Supplied data Start Marker

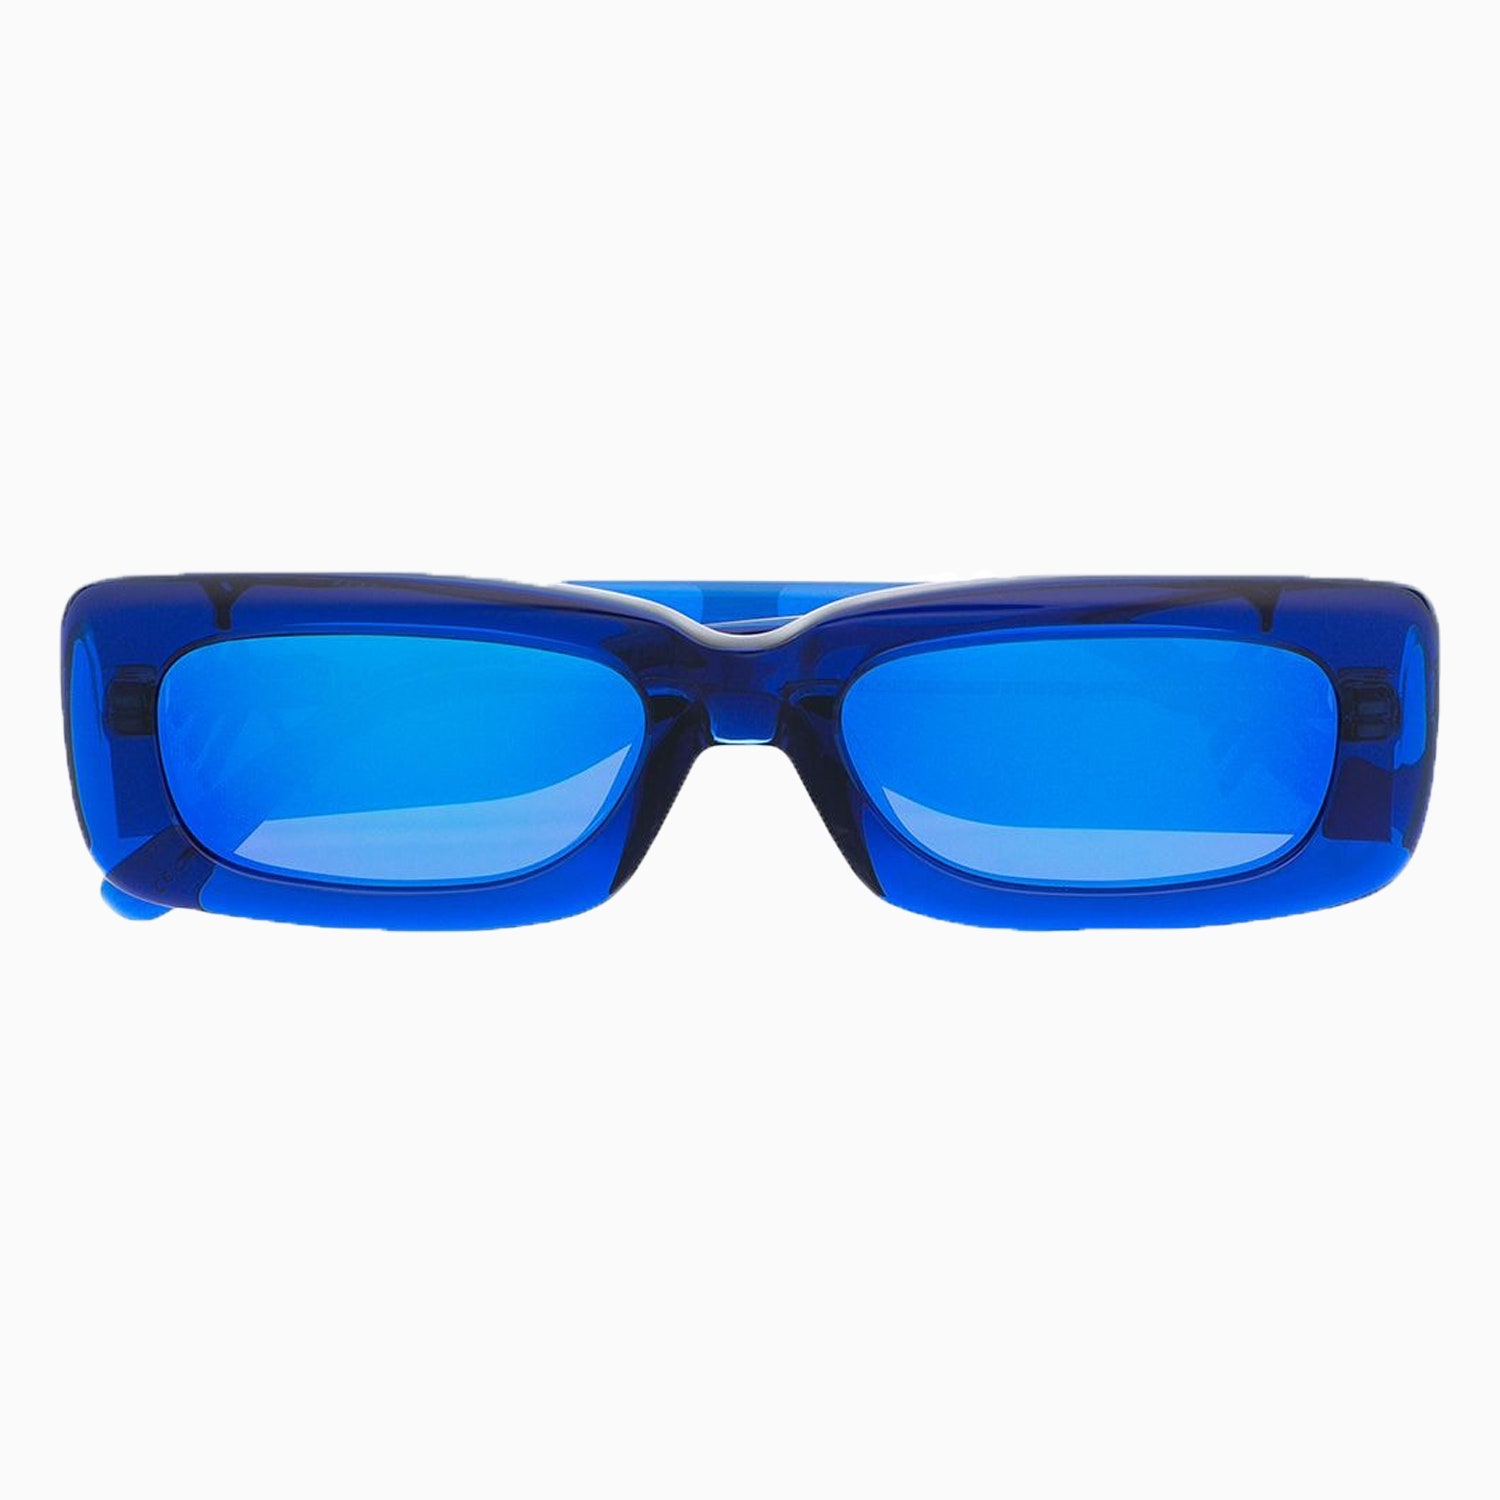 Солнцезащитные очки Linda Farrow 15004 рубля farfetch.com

Supplied data End Marker
Supplied data Start Marker

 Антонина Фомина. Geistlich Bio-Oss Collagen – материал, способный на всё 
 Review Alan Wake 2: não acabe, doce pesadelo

Supplied data End Marker
Supplied data Start Marker

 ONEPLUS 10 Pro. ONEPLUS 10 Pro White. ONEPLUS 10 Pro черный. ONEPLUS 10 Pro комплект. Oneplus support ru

Supplied data End Marker

#### Assignment:
In the listing above, find the line containing "Антонина Фомина. Geistlich" and the line containing "Review Alan Wake 2: não acabe, doce pesadelo", then quote both, plus every line between them, exactly as written.

#### Exercise output:
 Антонина Фомина. Geistlich Bio-Oss Collagen – материал, способный на всё 
 Review Alan Wake 2: não acabe, doce pesadelo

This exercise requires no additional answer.